Plantando ancestrais no presente

O Prêmio Malê de Literatura 2019, organizado pela carioca Malê Editora, pretendia selecionar autores e autoras negras para compor uma coletânea de contos. Especializada em literatura negra, vi no concurso uma oportunidade de publicar algo que contivesse algumas das minhas implicações. Quando saiu o resultado, quase não aguentei a emoção, havia sido um dos 11 escritores selecionados.

O livro foi organizado pelo Vagner Amaro, que também é um dos diretores da Malê. Assertivo em suas escolhas, e zeloso em sua edição, reuniu contos que ora se inserem nos traços biográficos, ora perfazem o cotidiano de homens e mulheres negras do Brasil. Para maior alegria da minha parte, vi que o livro continha o mesmo nome título do meu conto: Um pé de ancestralidade.

No meu conto, me baseio em fatos reais, o que torna a trama até mais aterradora do que eu desejaria. Vô Ilza é uma ialorixá, filha de Iroko que se vê impotente perante a sanha do progresso que não respeita as suas crenças. A história trata da intolerância religiosa, um dos mais graves problemas que assola o nosso país. Que esse tipo de fato, permaneça apenas como uma ficção no futuro.

São várias as escritoras selecionadas, trazendo em muitos momentos as escrevivências de mulheres negras e pardas.
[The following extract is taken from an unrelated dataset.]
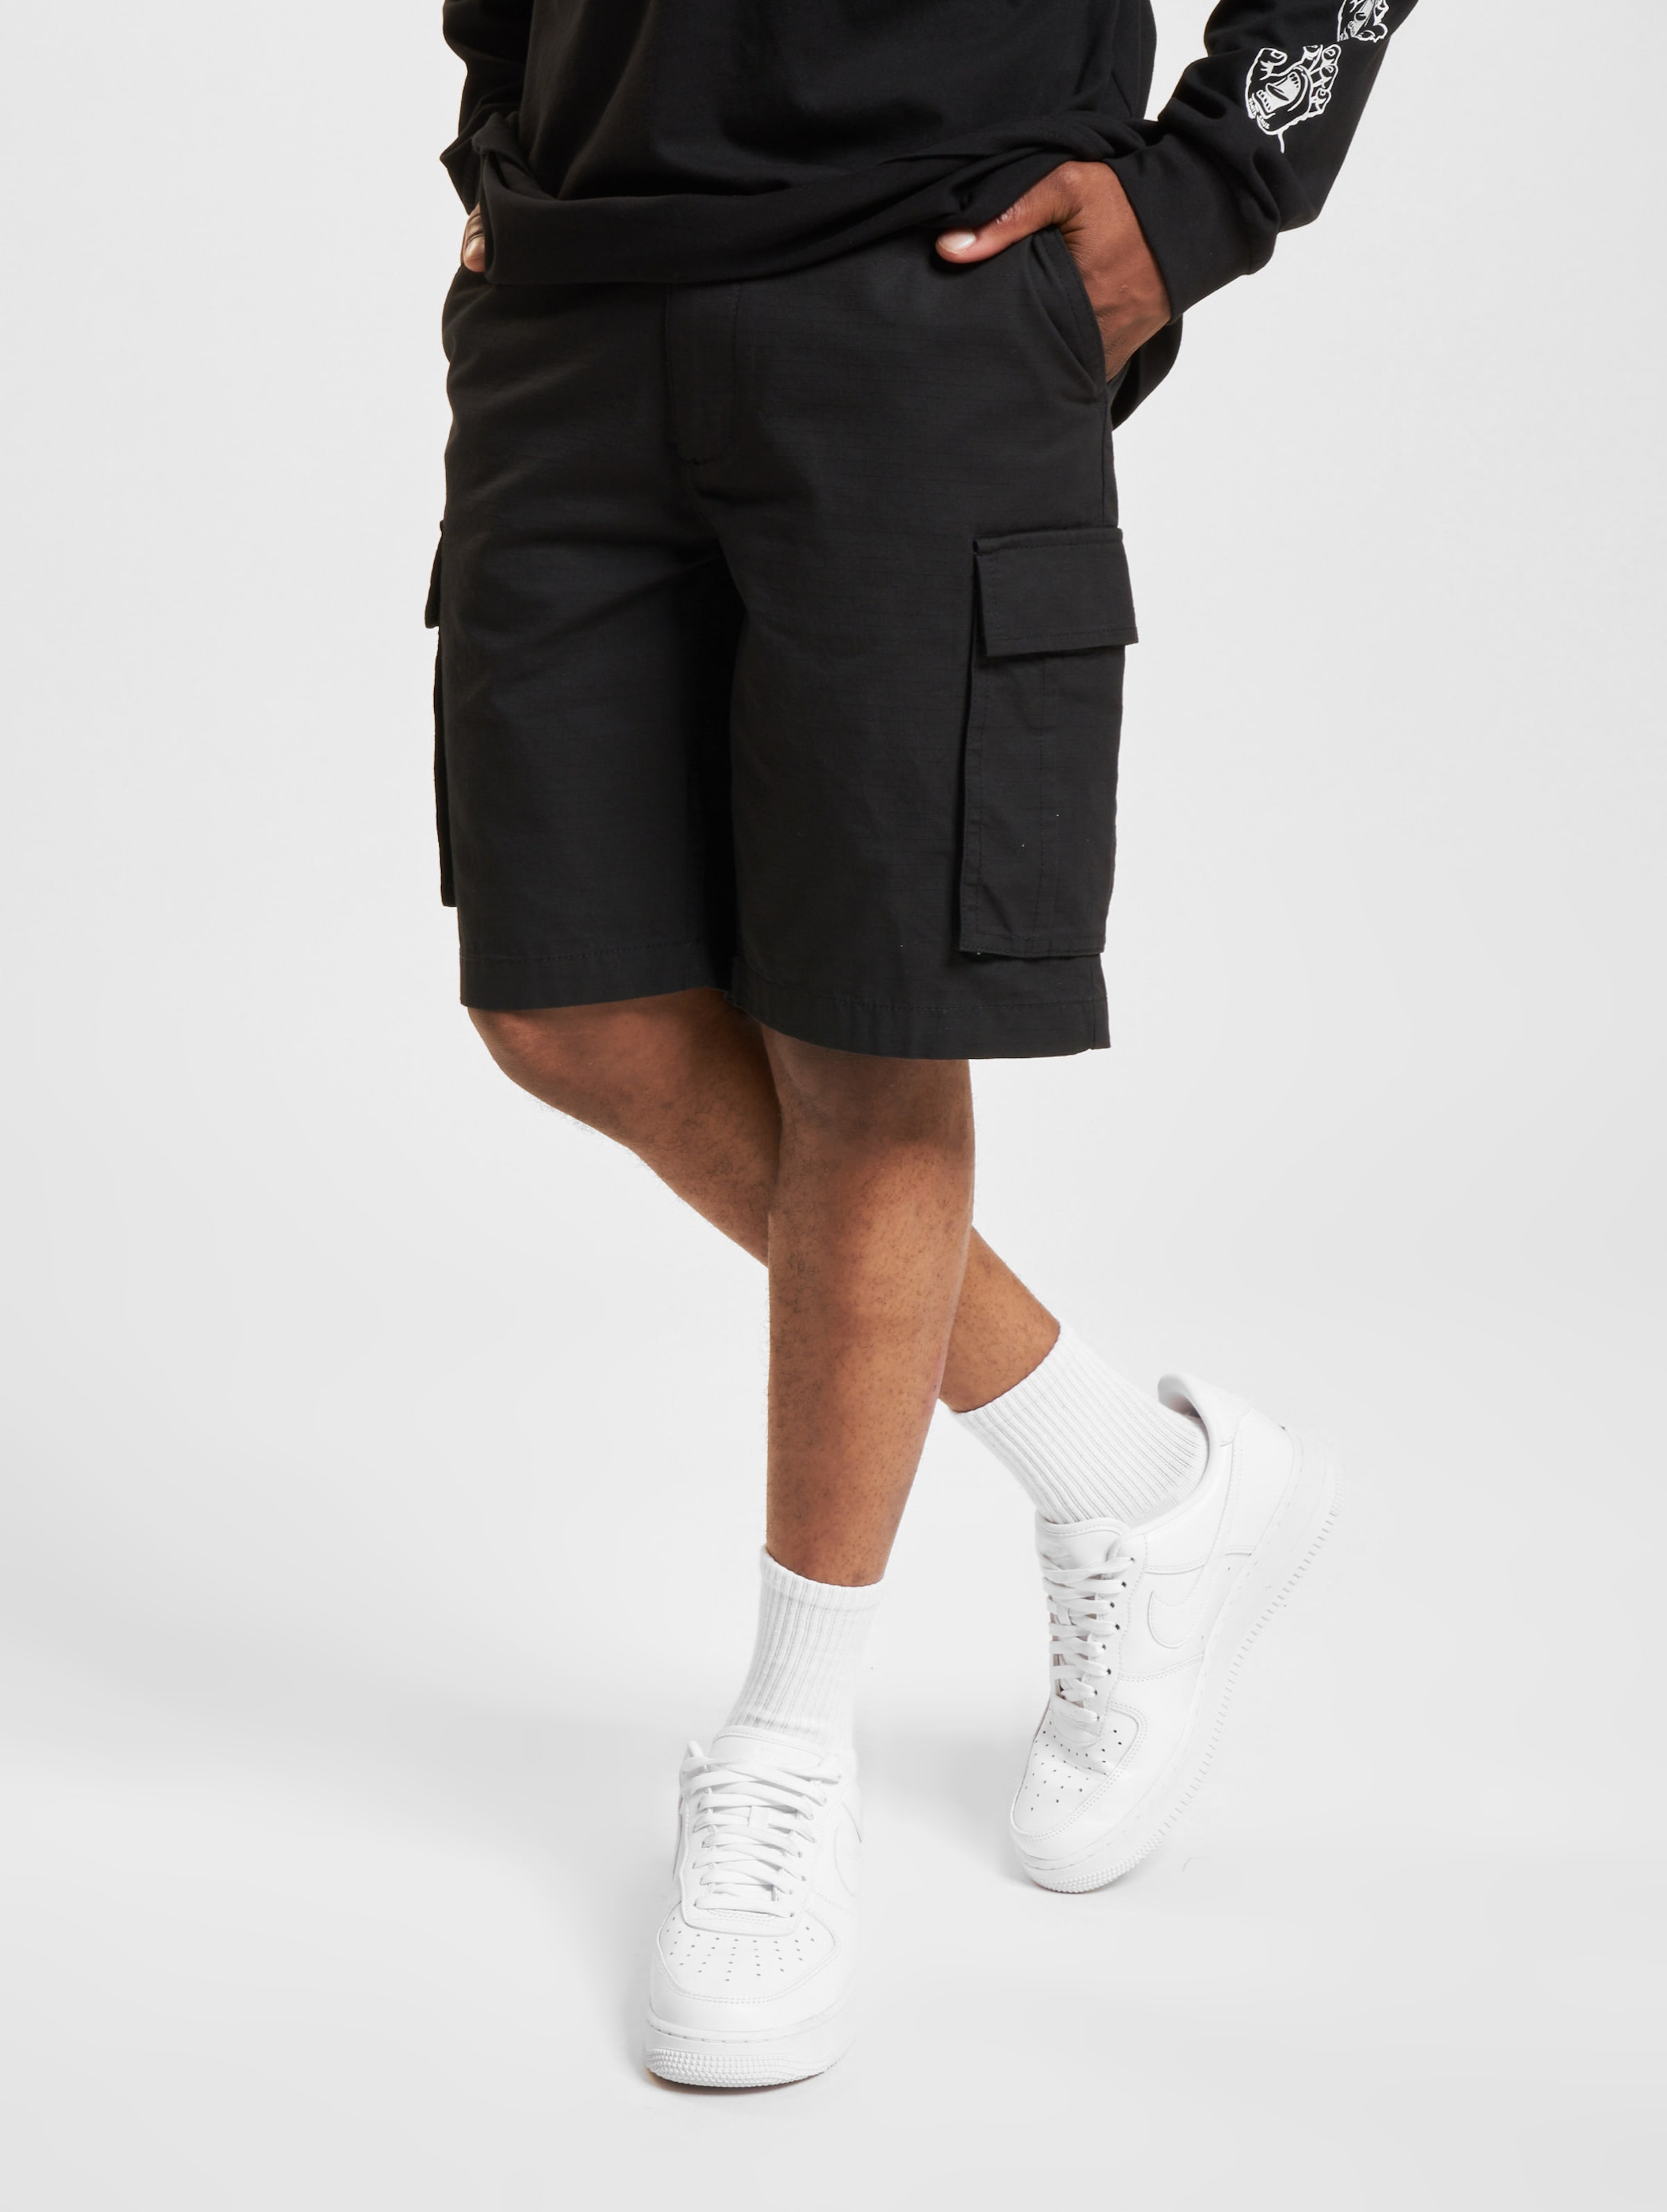 Santa Cruz Gauntlet Shorts Männer,Unisex op kleur zwart, Maat 28
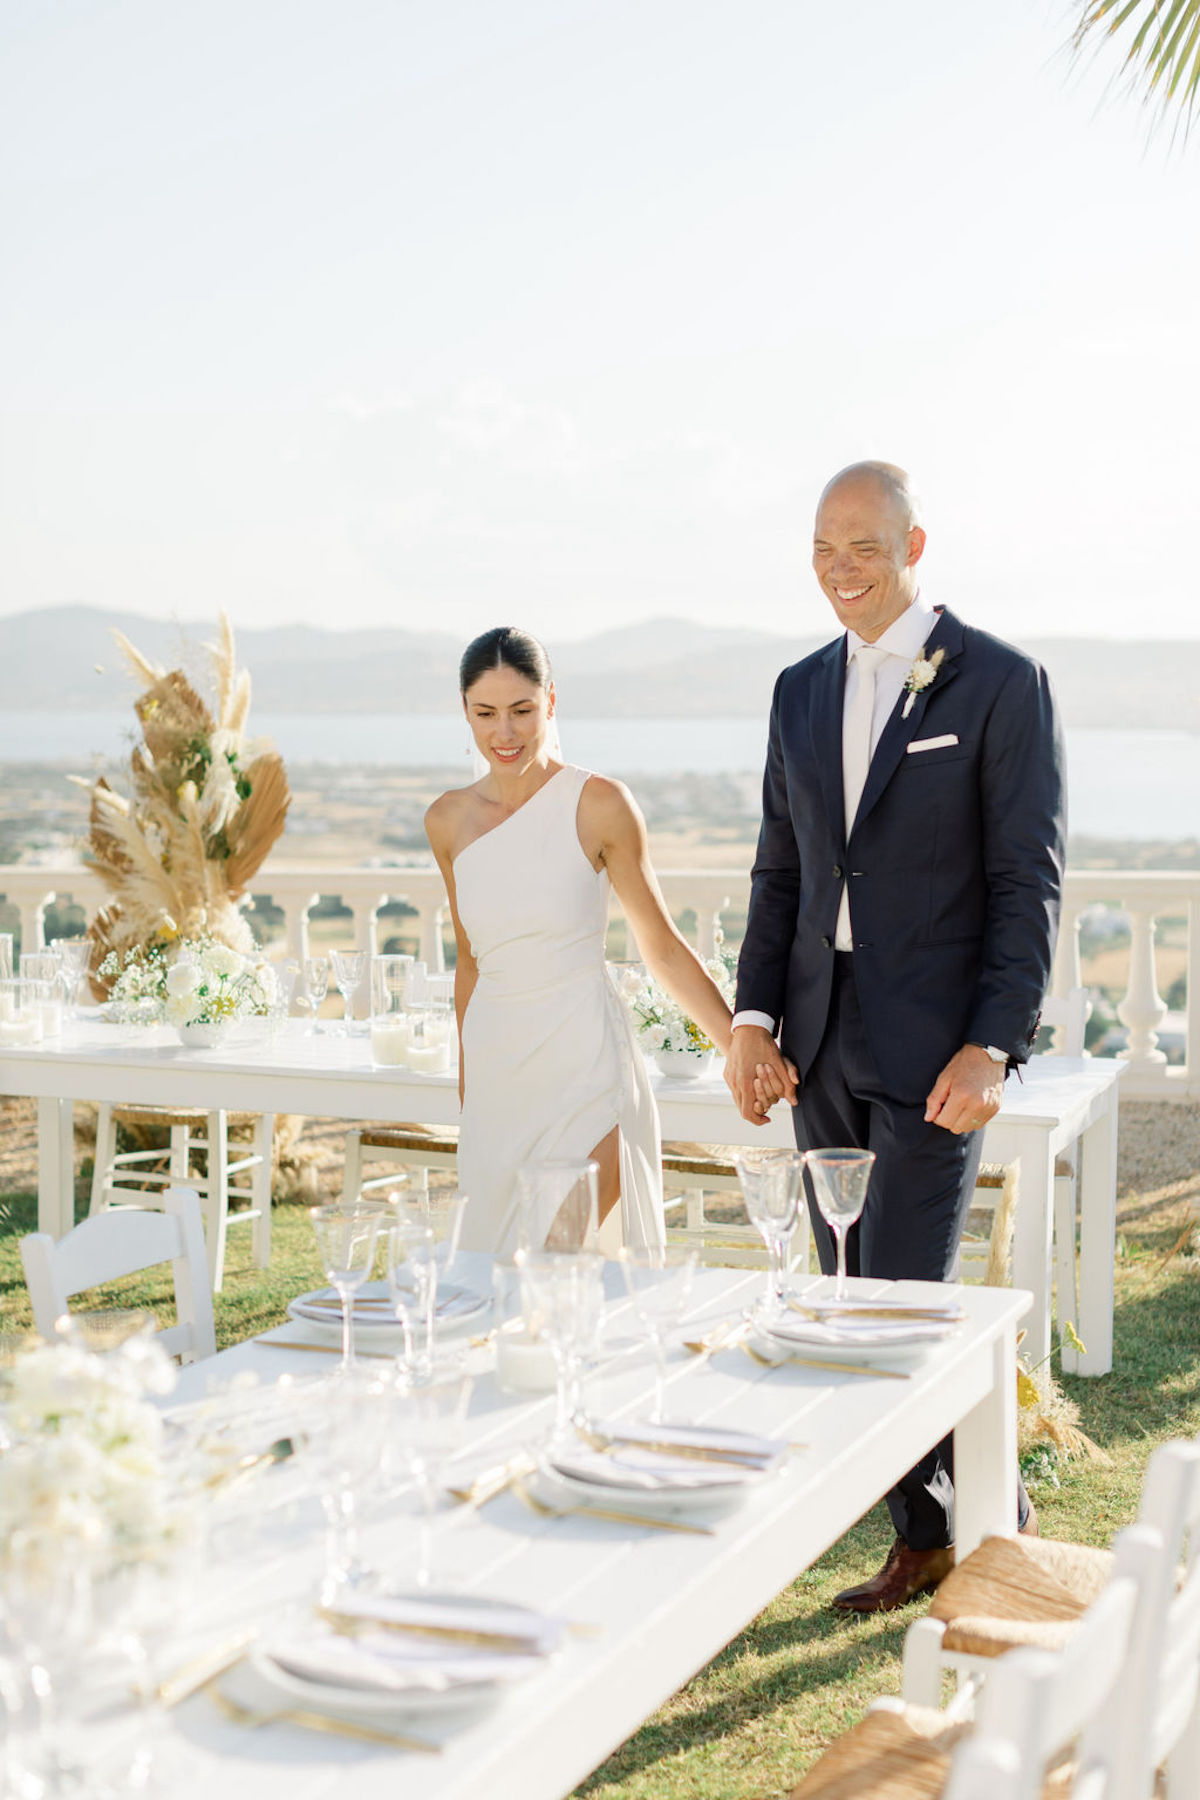 classic Mediterranean wedding style

A maior parte do autores e autoras são da área de humanas, o que dá uma dimensão de alteridade ainda maior. Suas experiências preenchem as páginas, seja as vividas ou ancestralizadas. Dentre esses escritores, nordestinos assim como eu, descentralizando as narrativas.

Bell Puã, escritora e rapper, parodia uma música popular em Mama África é mar solteira. Traz os dilemas de uma mãe solteira, ou dita solo, tudo de forma poética e visceral. Casas-grandes e consultórios, de Antonio Ferreira, é um quadro em constante exposição do racismo. Essa forma de opressão cancerígena que não encontra barreiras em nenhum lugar do mundo.

A Revolta, da autora Bioncinha do Brasil, narra os desejos e a impermanência, o leitor ou leitora pode preencher sua mente com a imagem que quiser de Revolta. Melancolia ensolarada do autor Diego Soares, retrata a existência bamboleante de um alcoólatra. Dêner B. Lopes em Conto de Fazya, se utiliza da metalinguagem para quebrar as expectativas dos leitores com o que chamo de brusquidão narrativa.

Minha conterrânea Yasmin Morais apresenta Dona Maria de Lourdes, representação de mulheres ao mesmo tempo, ser reencontro e ancestral presente. Thayná Alves em sua Vida prisão desvela a imagem da marginalização da juventude negra, sofrendo com o desamparo e a fome. Saída quatro de Marilia Pereira é um soco no estômago da nossa sociedade, quando aos olhos dela, o negro é o primeiro culpado.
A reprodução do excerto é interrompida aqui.